- Full name: Bollklubben-46 Karis
- Short name: BK-46
- Founded: 1949; 76 years ago
- Arena: Karis Idrottshall, Karis
- President: Björn Siggberg
- Head coach: Andreas Rönnberg
- League: SM-liiga
| Home | Away |

= BK-46 (men's handball) =

Finnish handball club

BK-46 is a Finnish professional handball club from Karis. The club is playing in the Finnish Handball League (SM-liiga), and play their home matches in Karis Idrottshall.

==History==

The club was founded in 1946. The handball department was founded in the club in 1949. The club was promoted to the first division in 1957. In 1966, the association won its first medal, a bronze, and in 1968 it won the Finnish championship for the first time. Due to conflicts within the association, which were rooted in the expensive trips of the handball team, the association stopped handball activities in 1974. Thanks to the active handball activists and the goodwill of the member associations of the handball association, BK-46 was able to restart the Finnish series, thus returning to the championship series in the 1976–1977 season. The team returned to the Finnish top in record time and won their second gold medal in 1979. The 1979 gold was the start of a rarely seen dominance as the club won 16 golds and three silvers in 20 seasons from 1979 to 1998. In his ranks with players such as Mikael Källman and Jan Rönnberg. The generation change in 1999 resulted in a silver medal, and in 2000 the club only finished fourth. He came second in 2001, but then won gold in 2002 and 2003, but lost the final in 2004. In 2006, however, the team became champion again. In 2007, the team won a bronze medal, but after that they were not even on the podium for many, many years. The team only became champions again in 2022. The club defended its championship title in 2023. So far, the club is a total of 22 champions and 14 cup winners.

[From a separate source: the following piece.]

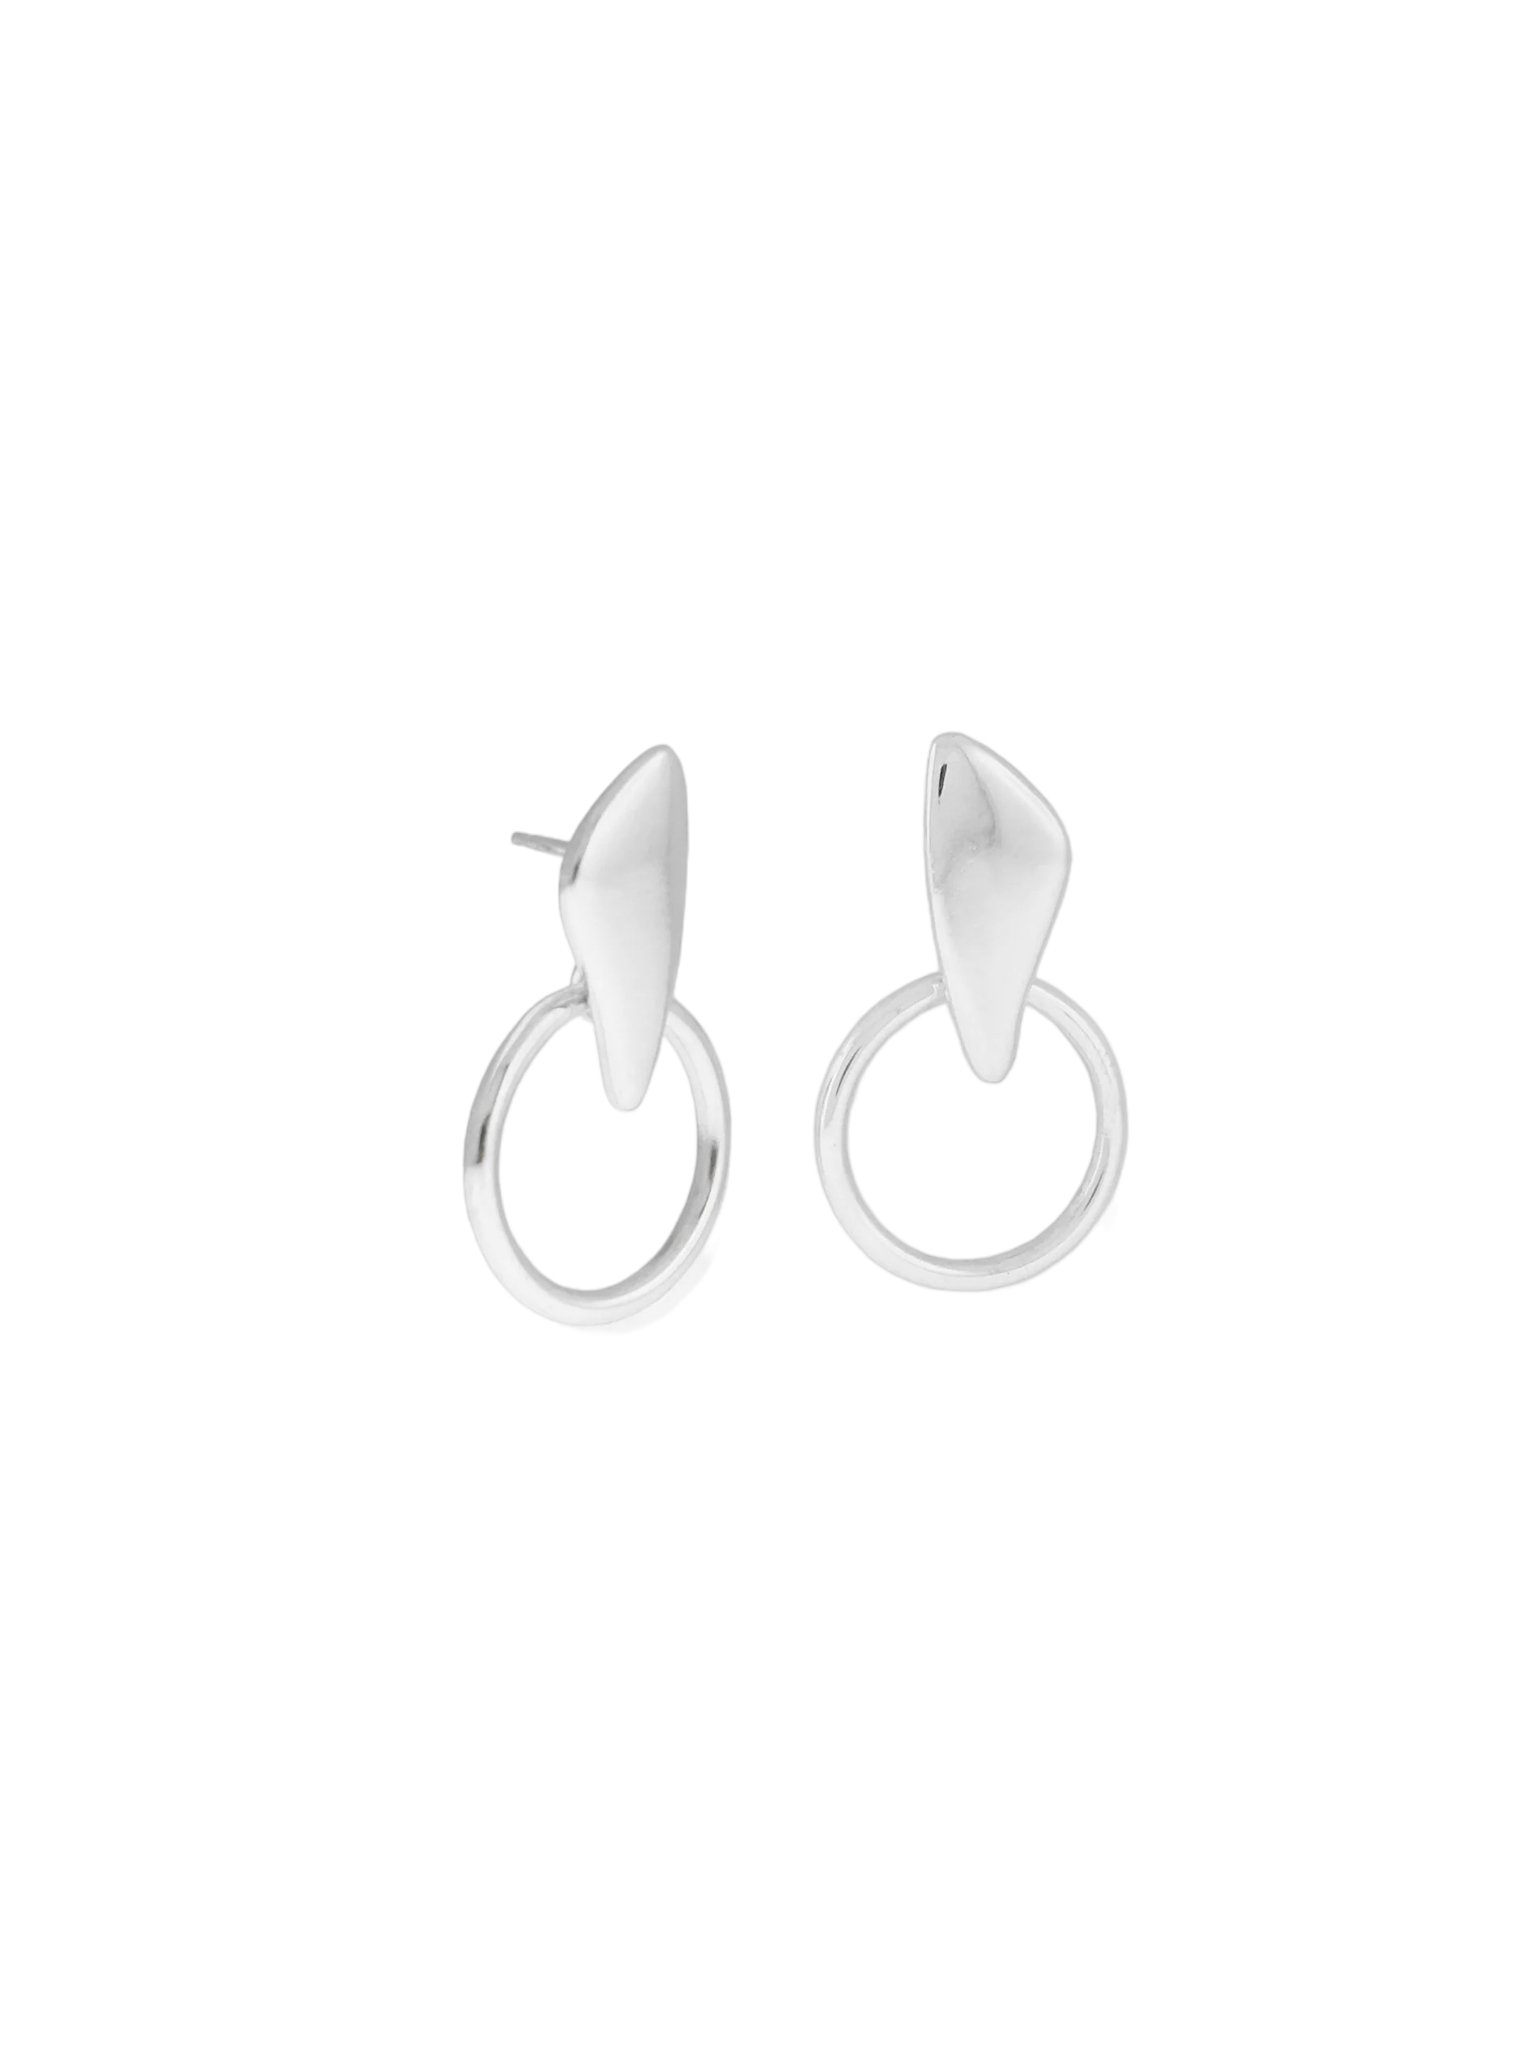 Petal door knocker earrings

==Crest, colours, supporters==

===Kits===

HOME
| 2012–13 | 2021-23 | 2023-24 |

| AWAY |
|---|
| 2021-23 |

==Management==

| Position | Name |
|---|---|
| President | FIN Björn Siggberg |
| Vice President | FIN Kim Ahtola |
| Member Of The Board | FIN Niklas Berglund |
| Member Of The Board | FIN Mats Fagerström |
| Member Of The Board | FIN Marika Kullberg |

== Team ==

=== Current squad ===

Squad for the 2023–24 season

BK-46
| Goalkeepers 01 Mikael Heinonen; 12 Fredrik Holmberg; 16 Niclas Zweigberg; Left Wingers 07 Janne Korpimäki; 13 Alfons Lindqvist; 11 Jonathan Roos; 17 Ivan Roos; Right Wingers 22 Sebastian Säkkinen; Line Players 04 Ihor Skyba; 05 Robin Sjöman; 08 Roy Lindqvist; | Left Backs 09 Albert Löfgren; 18 Miska Henriksson; 20 Nico Rönnberg; 23 Liam Pråhl; Central Backs 10 Jac Karlsson; 15 Linus Lundqvist; 24 Oliver Nordlund; Right Backs 14 Jonathan Ekman; 19 Alex Lignell; |

===Technical staff===
- Head coach: FIN Andreas Rönnberg
- Coach: FIN Timo Oksanen
- Masseur: FIN Lina Koskinen-Holmqvist

===Transfers===

Transfers for the 2023–24 season

- Joining
- FIN Albert Löfgren (LB) from FIN Ekenäs IF

- Leaving
- FIN Rony Levén (GK) to FIN Sjundeå IF
- FIN Marcus Ojala (LB) to FIN Dicken
- FIN Linus Sjöman (LP)
- FIN Albert Lindholm (RW)

==Retired numbers==

BK-46 retired numbers
| N° | Nationality | Player | Position | Tenure |
| 2 | FIN | Jan Rönnberg | Left Back | 1975–1980, 1982–1987, 1993–1998 |
| 3 | FIN | Mikael Källman | Central Back | 1980–1987, 1997–1998, 2000–2003 |

==Titles==

- SM-liiga
  - Winner (22) : 1968, 1979, 1980, 1983, 1984, 1985, 1986, 1987, 1988, 1989, 1991, 1992, 1994, 1995, 1996, 1997, 1998, 2002, 2003, 2006, 2022, 2023
- Finnish Cup
  - Winner (14) : 1985, 1986, 1987, 1989, 1990, 1991, 1993, 1994, 1996, 1998, 2006, 2020, 2021, 2022

==EHF ranking==

| Rank | Team | Points |
|---|---|---|
| 107 | RUS HBC CSKA Moscow | 46 |
| 108 | SLO MRK Krka | 45 |
| 109 | LUX Red Boys Differdange | 45 |
| 110 | FIN BK-46 | 44 |
| 111 | BLR SKA Minsk | 44 |
| 112 | GER MT Melsungen | 44 |
| 113 | ISR Maccabi Rishon LeZion | 43 |

==Former club members==

===Notable former players===

- FIN Benjamin Helander (2017–2018)
- FIN Mikael Källman (1980–1987, 1997–1998, 2000–2003)
- FIN Jac Karlsson (2003–2008, 2019–)
- FIN Jan Rönnberg (1975–1980, 1982–1987, 1993–1998)
- FIN Nico Rönnberg (2020–)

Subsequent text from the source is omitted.